# Adrian's Undead Diary



## ChrisPhilbrook (Jan 18, 2011)

Ladies and Gentlemen..... hi.

I'm Chris, and I'm the Author of Adrian's Undead Diary. Most of my fans simply refer to it as AUD.

AUD is a fairly new reading experience that combines the execution of blog fiction with the addition of short stories posted that intersect the main story. The basic premise of AUD is that the world has come to a sudden end at the hand of a plague of undead. At the center of our story is a fairly normal middle aged man, Adrian Ring. Poor Adrian writes in his diary as he attempts to survive the perils of life after the end, and as you read the updates on AUD, you are reading his diary.

Along the line at AUD I post additional short stories that fill in details that Adrian is unaware of. Some stories follow the fates of people that cross Adrian's path, or explain how certain situations came to be. Some of the stories even foreshadow upcoming events in the Diary that Adrian is unaware of.

AUD is written realistically, simply, and is spoken in the man's voice. Adrian makes mistakes, gets hurt, laughs and cries, and most of all, tries to be the Hero the world needs.

Right now AUD is getting about 225 daily readers or so, and feedback has been overwhelming positive. If you are interested in scary, creepy, or gory books, then you will probably enjoy AUD. If you are interested in books about survival, living on your own, and dealing with insane situations, there's a good chance you'll like AUD. And also, if you like stories that have a humorous main character, and stories that you don't want to share with your mom at the dinner table, then AUD is definitely for you.
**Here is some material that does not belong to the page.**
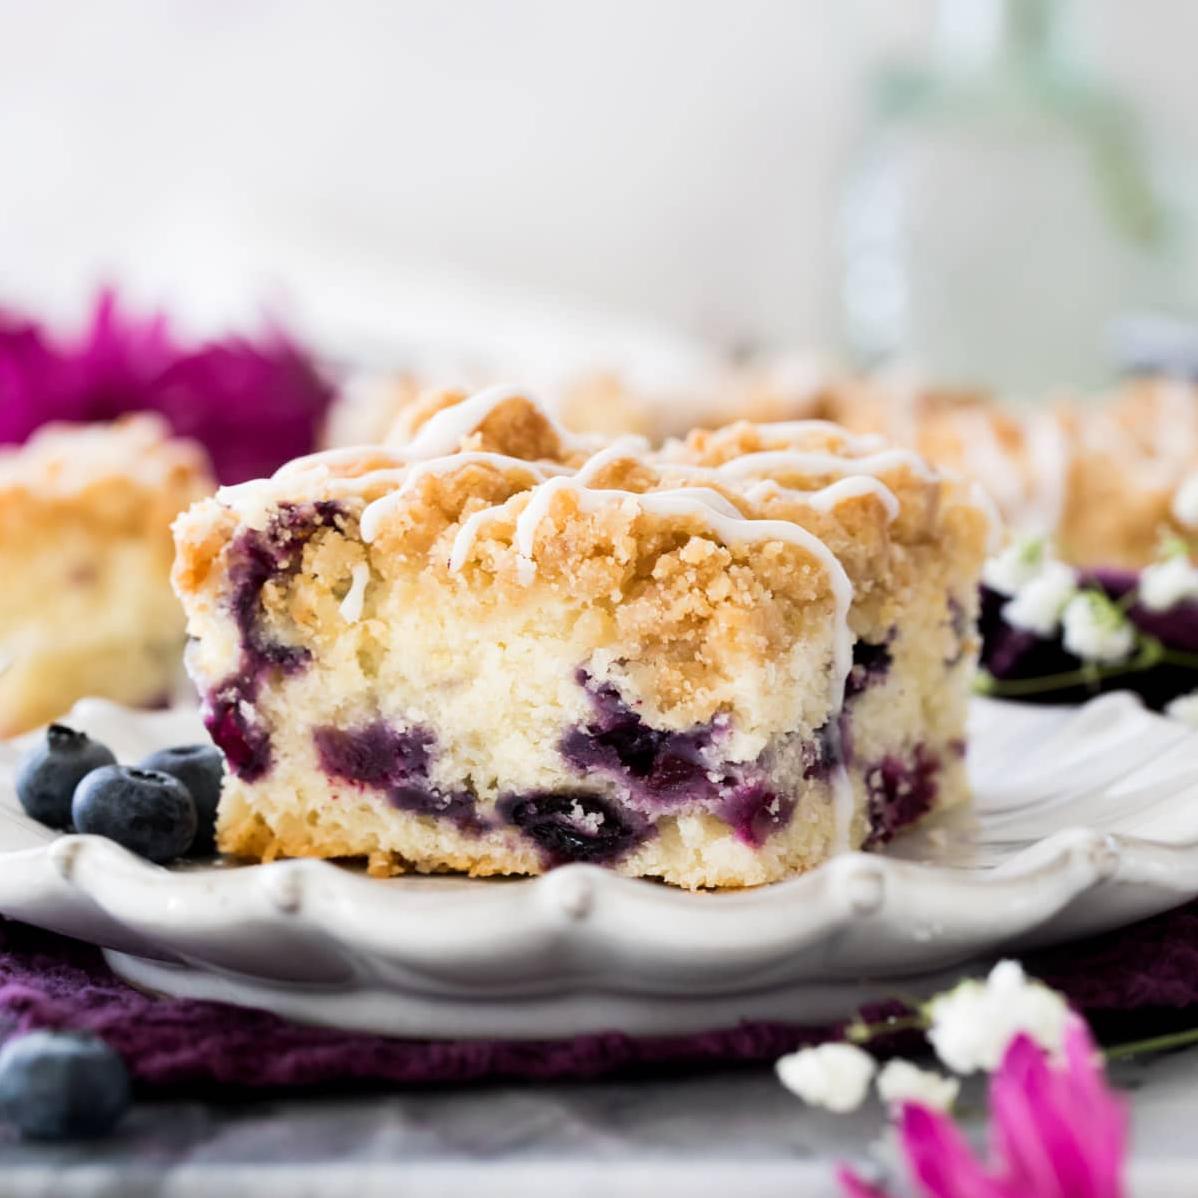  This blueberry coffee cake is perfect for a sweet breakfast or an afternoon snack. ☕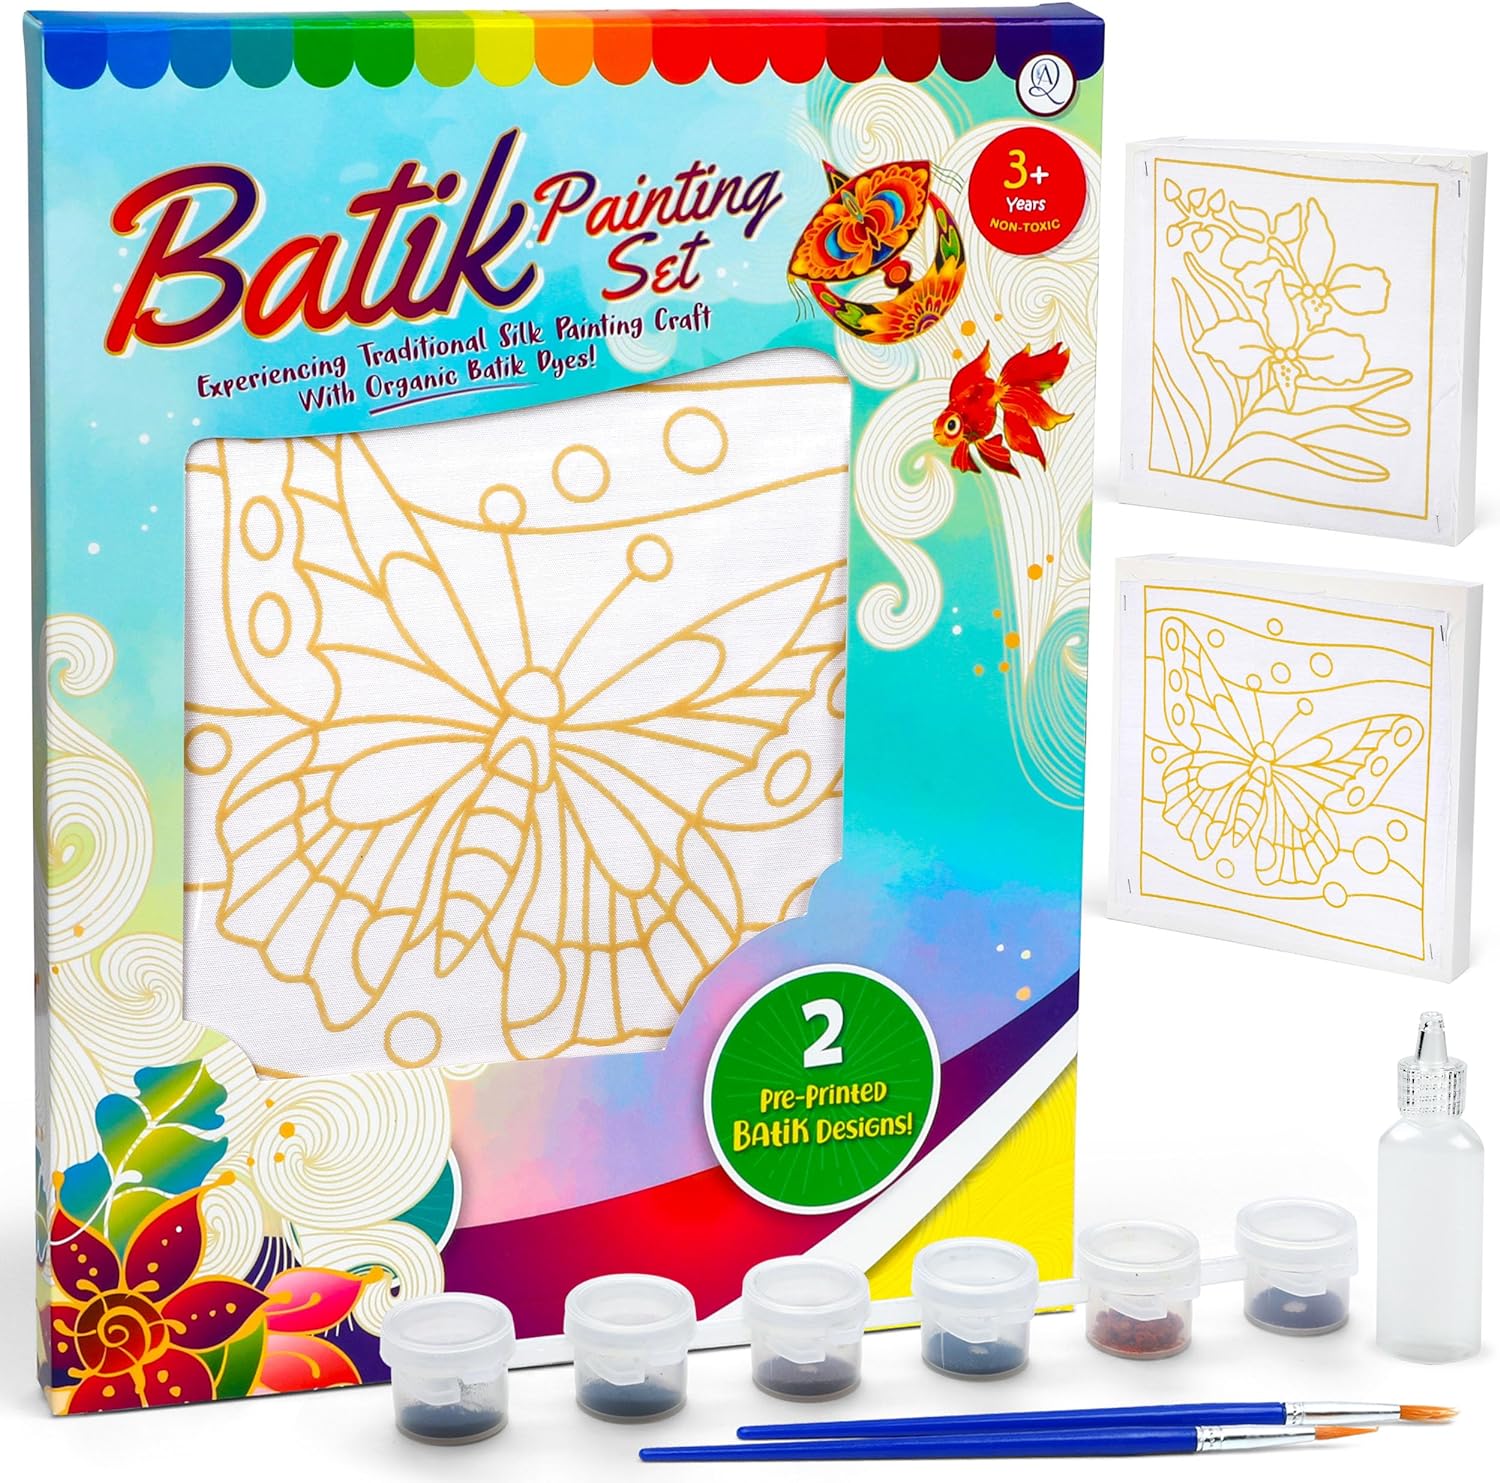 Malaysian Batik Organic Colors Painting 2-in-1 Kit (Butterfly, Orchid Flower) – Art Craft Painting Activity Kit Set for Adults and Kids

AUD can be read for free. All you need to do is register on the site, and everything is free. If you are wanting a Kindle version of the site, you can get a Kindle subscription and everytime Adrian updates his diary... ba-zing! You get it right on your Kindle, wherever it is you are. You can also purchase the collected months of the Diary so you can catch up as well the short stories. Prices are reasonable. (I think)

You can also help support AUD by subscribing as a premium user on the site, which costs $2 and gets you several neat perks.

I am looking for new readers, feedback, and obviously, a little bit of money along the way. I'll update this thread as things change on the site, and I look forward to hearing from new readers, or folks with questions.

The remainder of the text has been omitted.